So for practical purposes, it's fine to say "throwing acid in women's faces is just plain wrong" and expect that most others will agree. And if they don't agree, it's fine to ignore their opinions, because they're doing something the rest of us feel is very wrong. It's not that we ignore their opinions because they are mistaken about something, we ignore their opinions because they are advocating behavior that we really really don't like. And to me, because tolerance is a huge value that I hold and consider very important, I would only ever ignore someone's opinion on values if I feel like theirs very deeply conflict with mine, as is the case with someone who thinks it is ok to throw acid in women's faces. If it's a case where their values differ but I don't feel like they are all that harmful, then I try my best to live and let live... and I try to encourage others to do the same.

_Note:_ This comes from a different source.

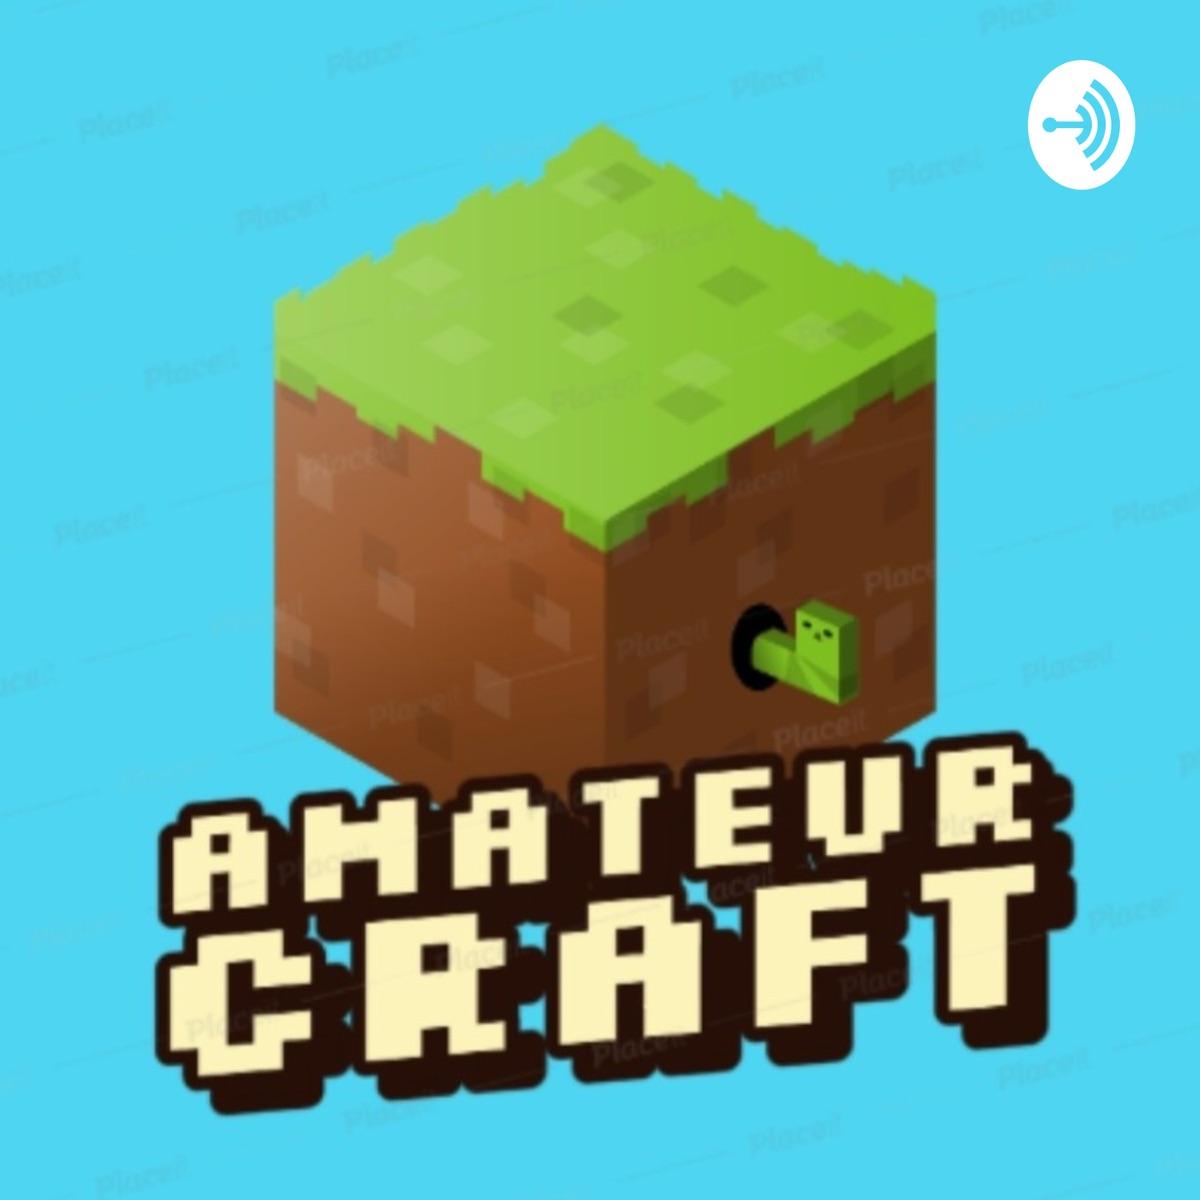 Amateurcraft

To wrap this up, there is one more point I'd like to make. In Sean Carroll's post he said that for practical purposes, this difference between subjective vs objective morality doesn't actually matter. But this is actually the one thing he said that I'd disagree with. Yes, for *most* practical purposes it doesn't matter and for most practical purposes, I would probably end up agreeing with Sam Harris. However, there are definitely real life situations where I think Harris's views become very dangerous and scary. And the real life situations have to do with things like cultural imperialism and with trying to impose top-down solutions for things that would be better handled by letting everyone choose for themselves and live out their own lives with their own values. This is the libertarian in me preaching, but one of the things that really worries me about hardcore utilitarians is that because they think they have some kind of moral calculus--some happiness function they can maximize--it gives them a tendency to try to meddle in people's lives to make them better. I'm fine with meddling if you can be sure that you are doing something for someone who doesn't understand some fact about the world that would make them happier. But I'm (usually) not okay with meddling because you think your value system is superior. In extreme cases, sometimes even that can be justified (such as trying to stop Hitler or perhaps the Taliban).

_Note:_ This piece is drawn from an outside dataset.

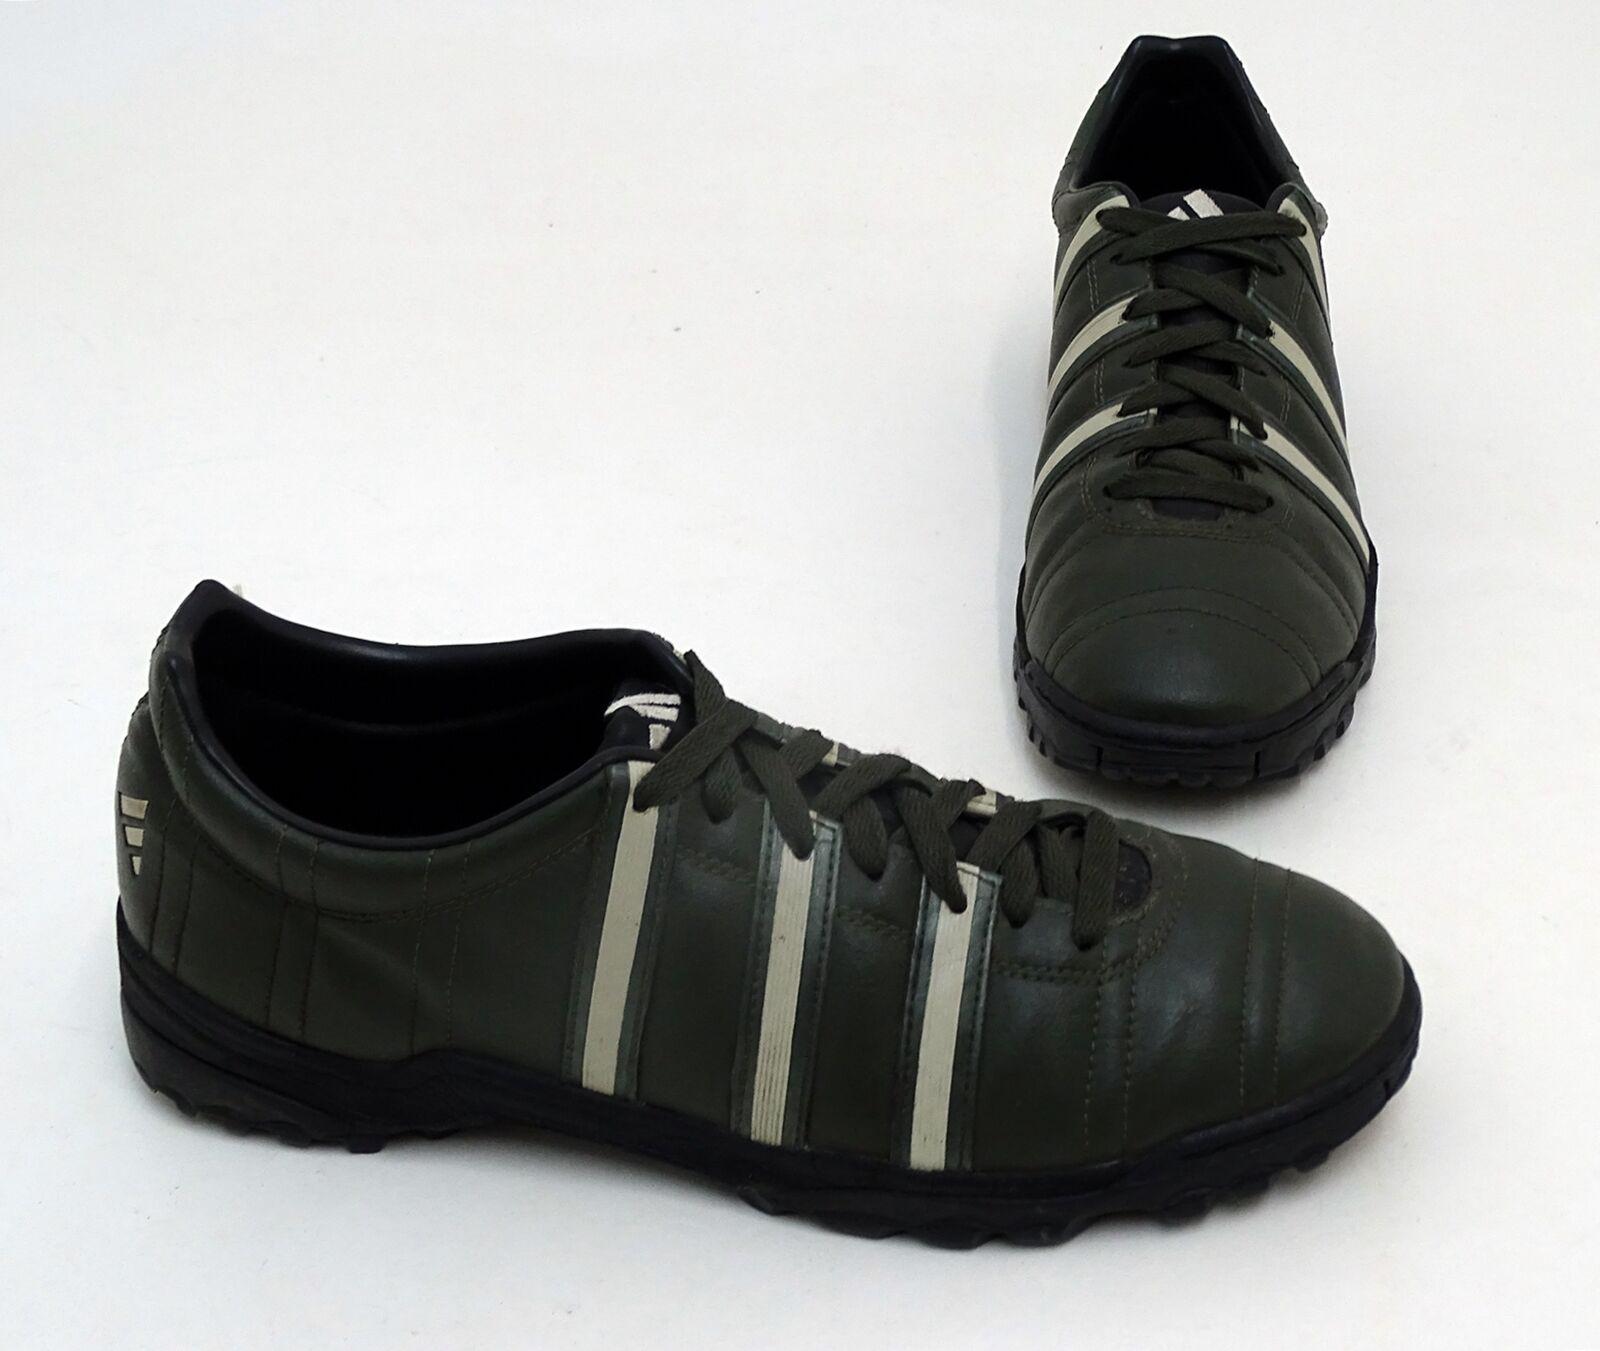 Adidas Turf Outdoor Fußballschuhe Synthetik olive Gr. 44

But what worries me is that someone like Sam Harris will be prone to meddle in many more cases than is justified. Because he's convinced himself that he has some objective reason why his views are superior, when it is really just subjective. That's the real life difference, moral subjectivists like myself tend to be more tolerant of other people, whereas moral objectivists tend to be well--moralizing. They have a tendency to support things like cultural imperialism. For example, geheimnisnacht pointed out to me that one of Harris's stated ways of determining ethics scientifically was to measure "how global civilization can best thrive". Whether Harris realizes this or not, this way of stating it in terms of "civilization" exposes an intolerant bias against uncivilized cultures such as hunter gatherer societies. For example, I wonder what Harris would have thought of the European genocide against native Americans. Arguably, wiping out the indiginous culture helped global civilization thrive. As did capturing uncivilized people in Africa and bringing them to the new world as slaves. So does that mean if you did one of Sam's fancy science experiments and proved that wiping the uncivilized people out helped the civilized people thrive better, then that proves that it was the ethical choice? I would disagree. I think, even if someone did such an experiment, I would not hop on board and say "yes, that's ethical".

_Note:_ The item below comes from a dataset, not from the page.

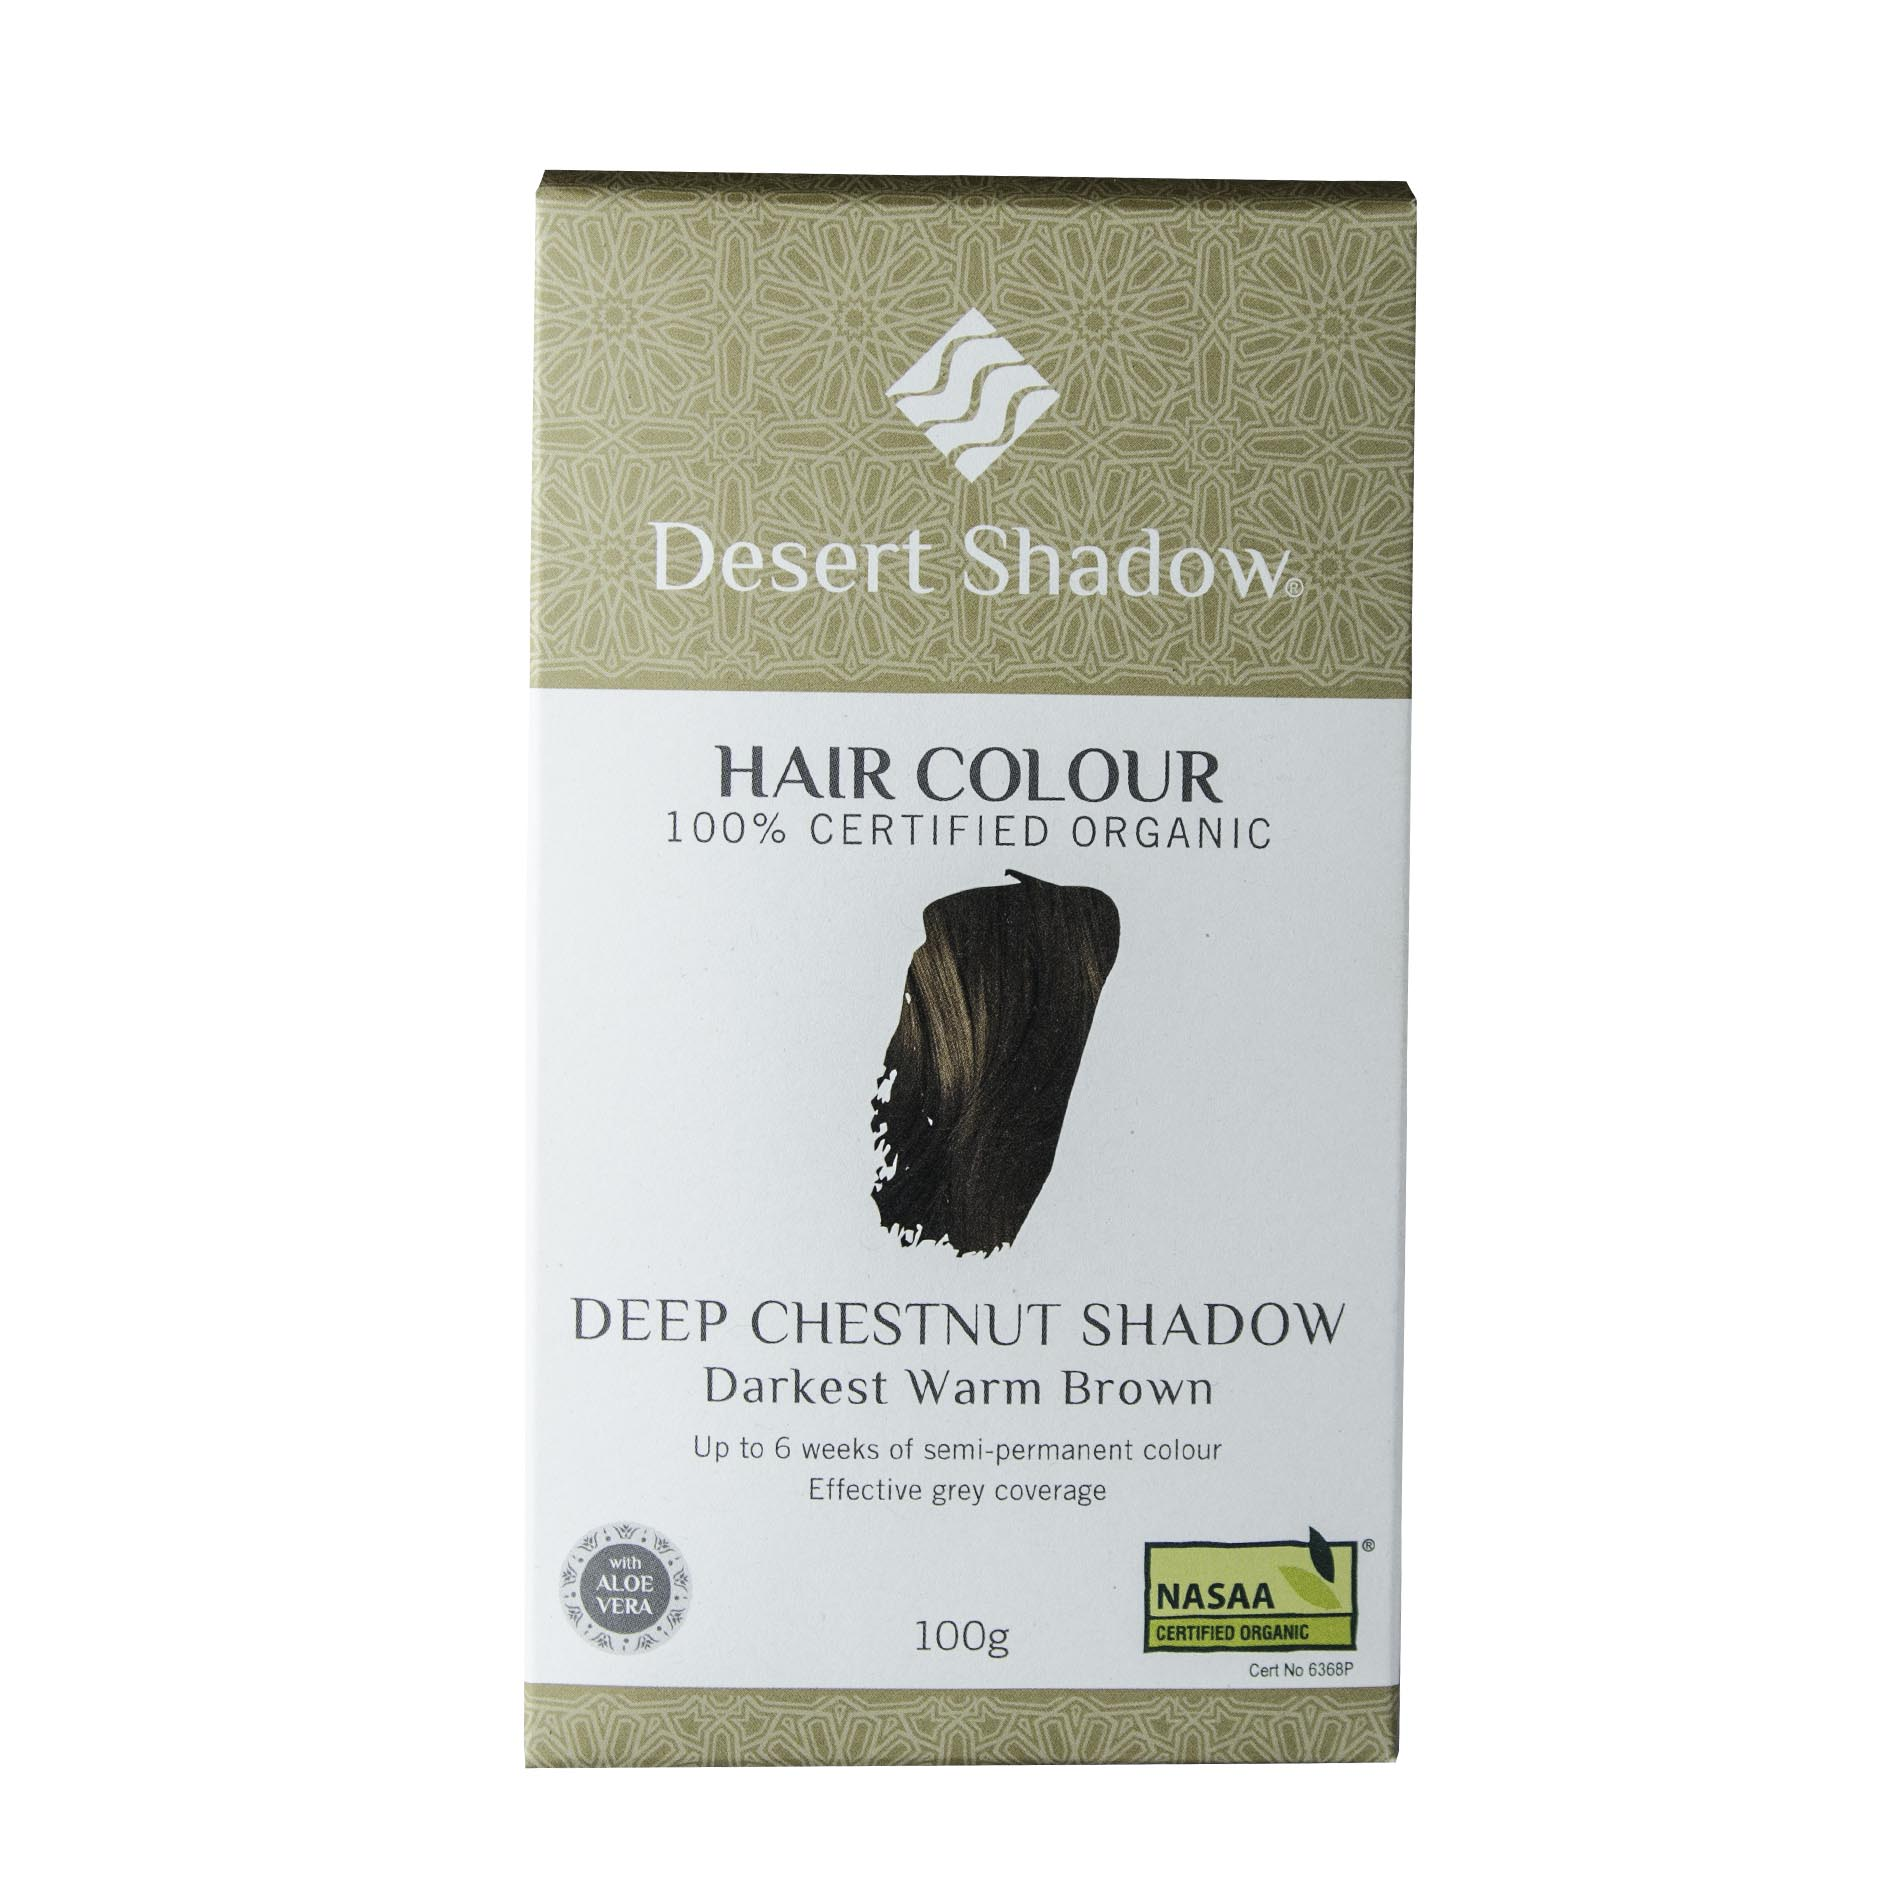 Desert Shadow Organic Hair Dye Deep Chestnut Shadow

Granted, I still haven't read his actual book. So I should probably give him more of a chance. But this is my current view of the situation, and while I will probably read his book at some point because I do find the subject fascinating, I think it is very unlikely to change my opinion on the matter. I think it is a lot more likely, I will read it and lose respect for Dawkins for recommending it.

Comments

( 13 comments — Leave a comment )
plymouth
Dec. 3rd, 2010 05:12 am (UTC)
To a poor person, it seems fairly obvious and straightforward that they would agree that hurting poor people is bad. But to a rich person, it's much less straightforward. If all of your friends and family are rich, and the only time you ever encounter poor people is when they are bugging you for change on the way to work, you might feel differently.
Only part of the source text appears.